Most people think that if you run a test or experiment that one variation has to simply outperform another when in reality variations have to outperform other variations by a certain amount. This is part of the methodology behind many A/B testing tools—using statistical models (e.g. a Chi Squared Test) that measure how far away one variation is from an expected value and thus statistically significant.
A Dark Room: A Framework for A/B
An approach I like better is what I call the Dark Room Theory.
Imagine you’re in a dark room—too dark for you to make out anything but the faintest of details. Your objective is to leave this room, but you have to find the door in order to do that. This is A/B testing.
1. Take Tiny Steps
You could take tiny steps. Methodical, micro movements that pattern out the layout of the room in a grid pattern. Like a cartographer, the logic and accuracy of your mapping will, eventually, let you find the door.

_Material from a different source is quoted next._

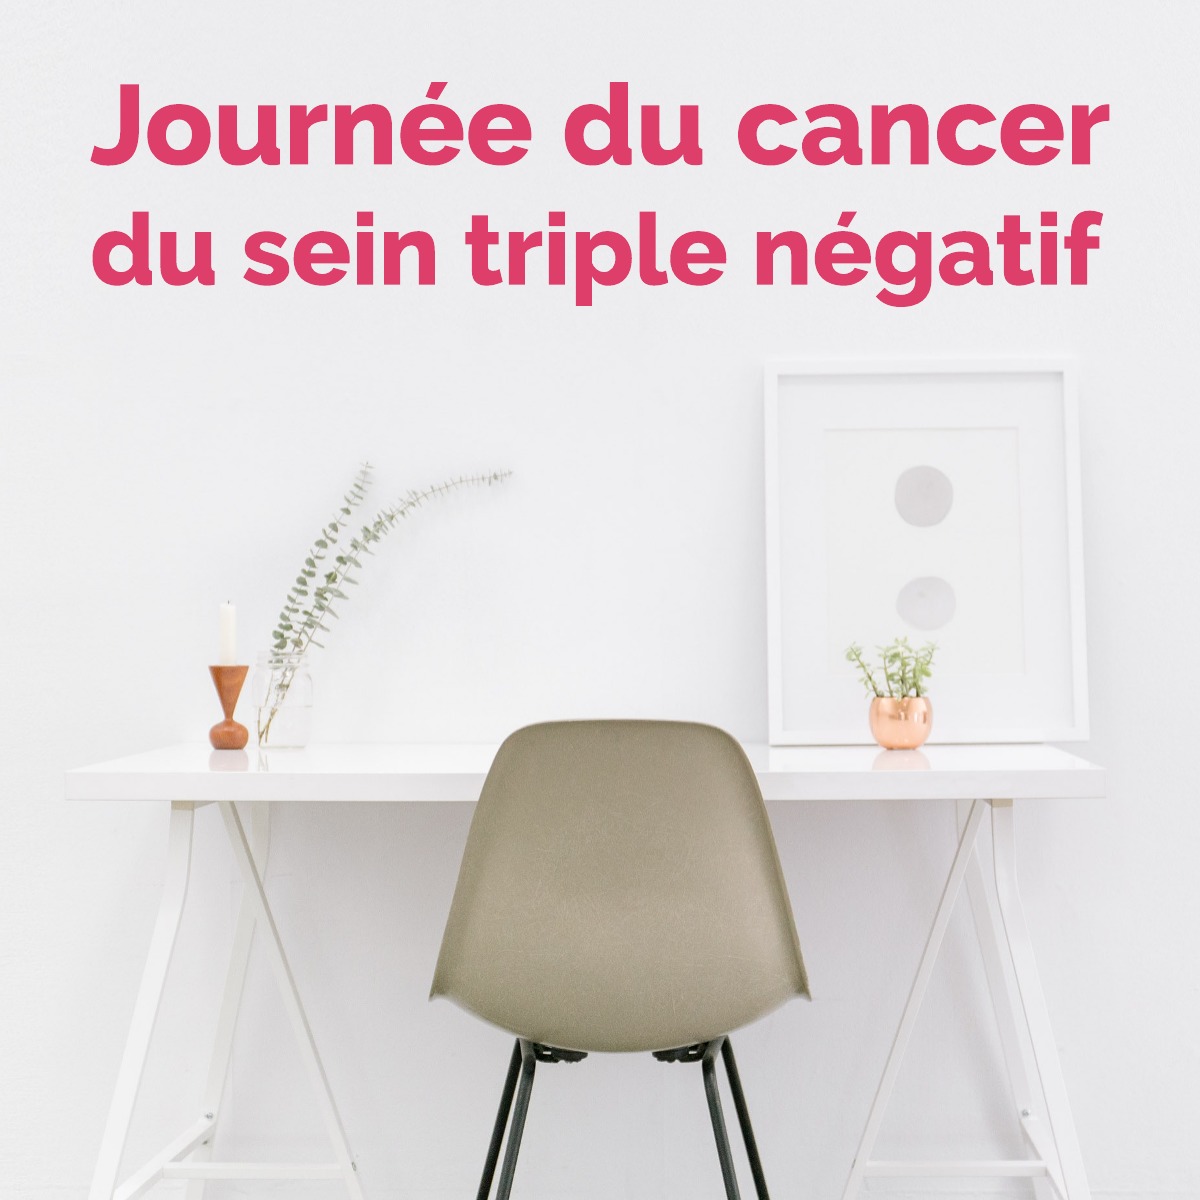 Journée du cancer du sein triple négatif

But time is a factor too. You might physically die of hunger or thirst before leaving this room (e.g. running out of money or time to test with). Plotting every portion of the room is the equivalent of testing every single variable. It’s physically impossible or only possible at an incredible cost.
This is basically the approach I took when I first started A/B testing. It’s logical and structured, but is costly for both time and budget. After all, this is marketing—not a double blind placebo test for a drug. We’re not proving knowledge, we’re making sketchy marketing campaigns perform better.

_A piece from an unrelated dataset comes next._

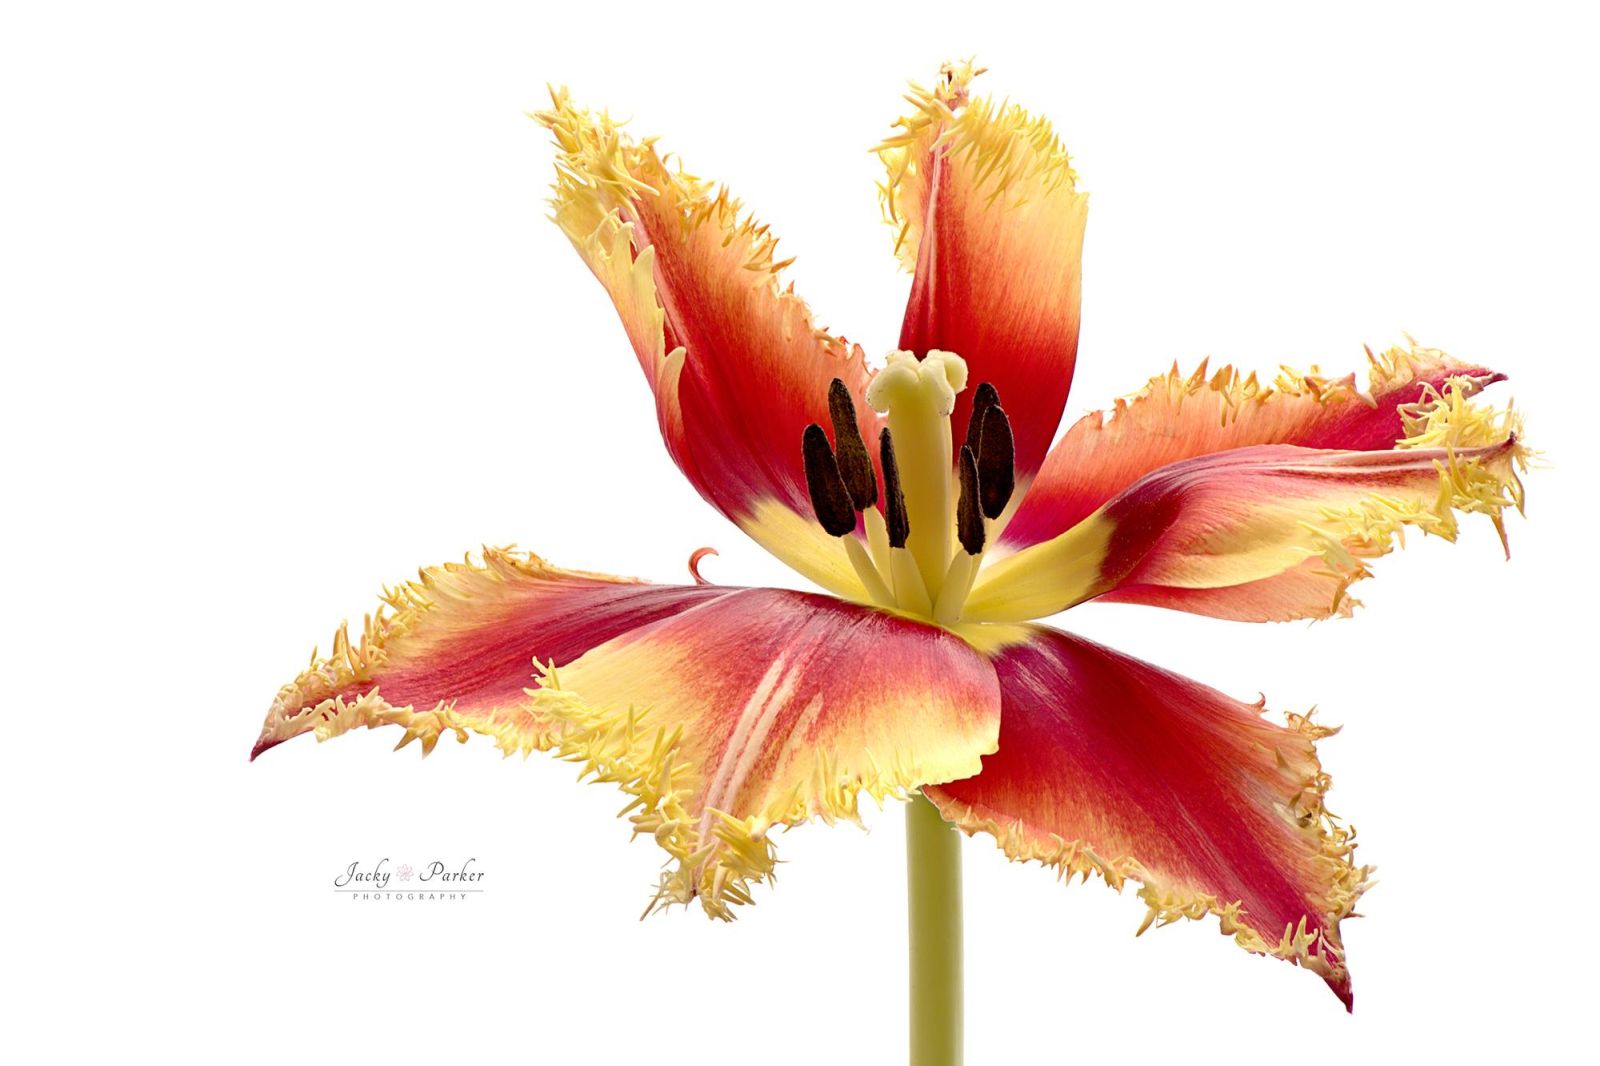 flower photography by jacky parker

2. Run Around The Room At Full Speed
Another approach is to literally run around the room at full speed until you find the door. Since it’s pitch black you won’t have any clue where to run, so you’re randomly guessing at where the door might be. You’ll probably smack into furniture, walls and anything else.
It can work, if you’re lucky; you may in fact find the door on the first try. If it doesn’t work, it gets increasingly hard to justify continuing to find it at all. Imagine advocating that a client continue to A/B test after six months of testing without a single conversion.
It’s hard to derive as much value from this philosophy because it isn’t built on logic, which means it also isn’t typically using a hypothesis centered approach. This is the wild west of testing philosophies.
3. Develop Hypotheses, Rinse, Repeat
I’ve presented some extreme methods for getting out of this hellish dark room, mainly, to contrast what sane people do when they test: develop hypotheses based on information, test them out, and repeat until the objective is complete.
One easy hypothesis is that the door exists on a wall. If that turns out not to be true, it’s possible the door is in the floor or ceiling, which creates an entirely new hypothesis based on the previous experiment.
Unlike aimlessly bouncing around a room (which doesn’t build on previous knowledge/data) or methodically plotting out every A/B testing idea you’ve read about (which is absolutely a waste), this approach balances both the need for exploration, speed, and effectiveness.
Good Methods Still Matter
Regardless of your theoretical approach to deciding how and what to focus on in testing, methods and process are critical for any philosophy.
1. Hypothesis Development
Every test needs an hypothesis. A stated objective or theory for a test.
Tests should be evolutionary over time. Good tests are built upon the shoulders of old, bad A/B tests.
Every test should be tracked and documented. If you’re serious about testing, you can run an unbelievable amount of them in a short period of time and keeping themes straight in your head is critical.